_Description of the task_: Filter this listing down to the lines that contain the word "para", and copy them.

-- Records for this task follows --

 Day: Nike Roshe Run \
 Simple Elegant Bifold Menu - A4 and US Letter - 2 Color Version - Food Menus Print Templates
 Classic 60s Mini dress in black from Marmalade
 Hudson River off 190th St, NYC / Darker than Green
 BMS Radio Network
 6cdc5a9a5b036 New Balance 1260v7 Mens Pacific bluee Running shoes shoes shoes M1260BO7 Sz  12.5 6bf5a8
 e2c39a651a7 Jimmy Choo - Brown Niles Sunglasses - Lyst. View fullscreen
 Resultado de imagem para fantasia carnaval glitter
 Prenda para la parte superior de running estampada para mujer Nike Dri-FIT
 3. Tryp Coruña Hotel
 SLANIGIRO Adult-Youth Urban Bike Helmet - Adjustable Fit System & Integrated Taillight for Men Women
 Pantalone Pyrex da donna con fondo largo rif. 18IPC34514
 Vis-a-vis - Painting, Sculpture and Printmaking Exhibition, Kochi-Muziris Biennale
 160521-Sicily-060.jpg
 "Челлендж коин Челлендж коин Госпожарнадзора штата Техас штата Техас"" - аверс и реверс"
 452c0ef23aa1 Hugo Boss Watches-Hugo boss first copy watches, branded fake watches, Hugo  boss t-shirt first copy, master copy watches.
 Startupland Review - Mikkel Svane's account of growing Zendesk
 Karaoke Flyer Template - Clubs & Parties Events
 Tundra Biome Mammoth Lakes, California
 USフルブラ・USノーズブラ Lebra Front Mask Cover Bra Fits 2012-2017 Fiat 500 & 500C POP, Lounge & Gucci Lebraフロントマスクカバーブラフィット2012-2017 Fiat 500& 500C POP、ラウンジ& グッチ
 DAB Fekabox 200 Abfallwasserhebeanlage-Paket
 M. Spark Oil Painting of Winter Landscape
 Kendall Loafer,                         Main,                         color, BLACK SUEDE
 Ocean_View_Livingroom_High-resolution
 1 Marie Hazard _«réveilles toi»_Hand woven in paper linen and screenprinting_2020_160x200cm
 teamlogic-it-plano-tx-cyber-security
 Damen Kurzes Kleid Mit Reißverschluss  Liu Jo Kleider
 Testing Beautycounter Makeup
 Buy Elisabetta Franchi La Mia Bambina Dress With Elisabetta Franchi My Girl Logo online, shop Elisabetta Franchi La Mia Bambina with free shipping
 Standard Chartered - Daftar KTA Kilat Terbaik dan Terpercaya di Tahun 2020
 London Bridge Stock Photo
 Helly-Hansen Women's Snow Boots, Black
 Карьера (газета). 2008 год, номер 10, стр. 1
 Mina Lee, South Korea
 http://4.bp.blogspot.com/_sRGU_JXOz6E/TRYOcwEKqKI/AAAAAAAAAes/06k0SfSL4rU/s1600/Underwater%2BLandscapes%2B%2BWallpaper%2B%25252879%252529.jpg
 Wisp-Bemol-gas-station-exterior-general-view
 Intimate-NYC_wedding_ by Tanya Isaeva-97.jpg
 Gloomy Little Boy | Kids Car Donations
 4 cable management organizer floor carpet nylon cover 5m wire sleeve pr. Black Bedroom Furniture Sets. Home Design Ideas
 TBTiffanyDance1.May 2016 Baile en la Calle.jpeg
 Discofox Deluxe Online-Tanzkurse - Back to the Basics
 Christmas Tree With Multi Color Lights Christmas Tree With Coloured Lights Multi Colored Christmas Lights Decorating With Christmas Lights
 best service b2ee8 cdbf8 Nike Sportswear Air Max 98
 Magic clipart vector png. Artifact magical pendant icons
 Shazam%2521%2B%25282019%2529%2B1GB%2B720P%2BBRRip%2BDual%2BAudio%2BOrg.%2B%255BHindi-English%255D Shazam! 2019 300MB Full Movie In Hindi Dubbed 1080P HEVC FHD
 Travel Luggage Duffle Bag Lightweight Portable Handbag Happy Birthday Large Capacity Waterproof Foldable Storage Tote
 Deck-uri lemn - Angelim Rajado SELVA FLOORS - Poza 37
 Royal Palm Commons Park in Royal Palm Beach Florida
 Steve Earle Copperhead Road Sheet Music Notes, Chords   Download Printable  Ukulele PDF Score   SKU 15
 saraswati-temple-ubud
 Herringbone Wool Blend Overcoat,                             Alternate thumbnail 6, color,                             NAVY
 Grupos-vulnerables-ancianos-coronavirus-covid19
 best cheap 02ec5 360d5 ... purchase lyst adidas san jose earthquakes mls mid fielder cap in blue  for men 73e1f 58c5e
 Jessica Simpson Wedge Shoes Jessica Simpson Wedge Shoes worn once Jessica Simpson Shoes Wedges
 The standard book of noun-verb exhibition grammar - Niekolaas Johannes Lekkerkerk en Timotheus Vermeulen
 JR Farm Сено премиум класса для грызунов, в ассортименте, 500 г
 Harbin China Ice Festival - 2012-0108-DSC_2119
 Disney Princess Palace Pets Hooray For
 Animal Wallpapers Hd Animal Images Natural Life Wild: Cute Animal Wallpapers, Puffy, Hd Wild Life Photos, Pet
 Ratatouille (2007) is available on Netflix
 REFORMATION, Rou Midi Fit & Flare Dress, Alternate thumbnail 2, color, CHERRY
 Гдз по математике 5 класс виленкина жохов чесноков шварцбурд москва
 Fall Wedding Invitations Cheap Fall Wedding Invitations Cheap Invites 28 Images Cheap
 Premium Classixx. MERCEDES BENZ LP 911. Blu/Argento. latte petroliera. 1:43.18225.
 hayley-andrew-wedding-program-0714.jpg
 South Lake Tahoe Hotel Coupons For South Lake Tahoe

-- Records for this task concluded --

_Result of this task_:
 Resultado de imagem para fantasia carnaval glitter
 Prenda para la parte superior de running estampada para mujer Nike Dri-FIT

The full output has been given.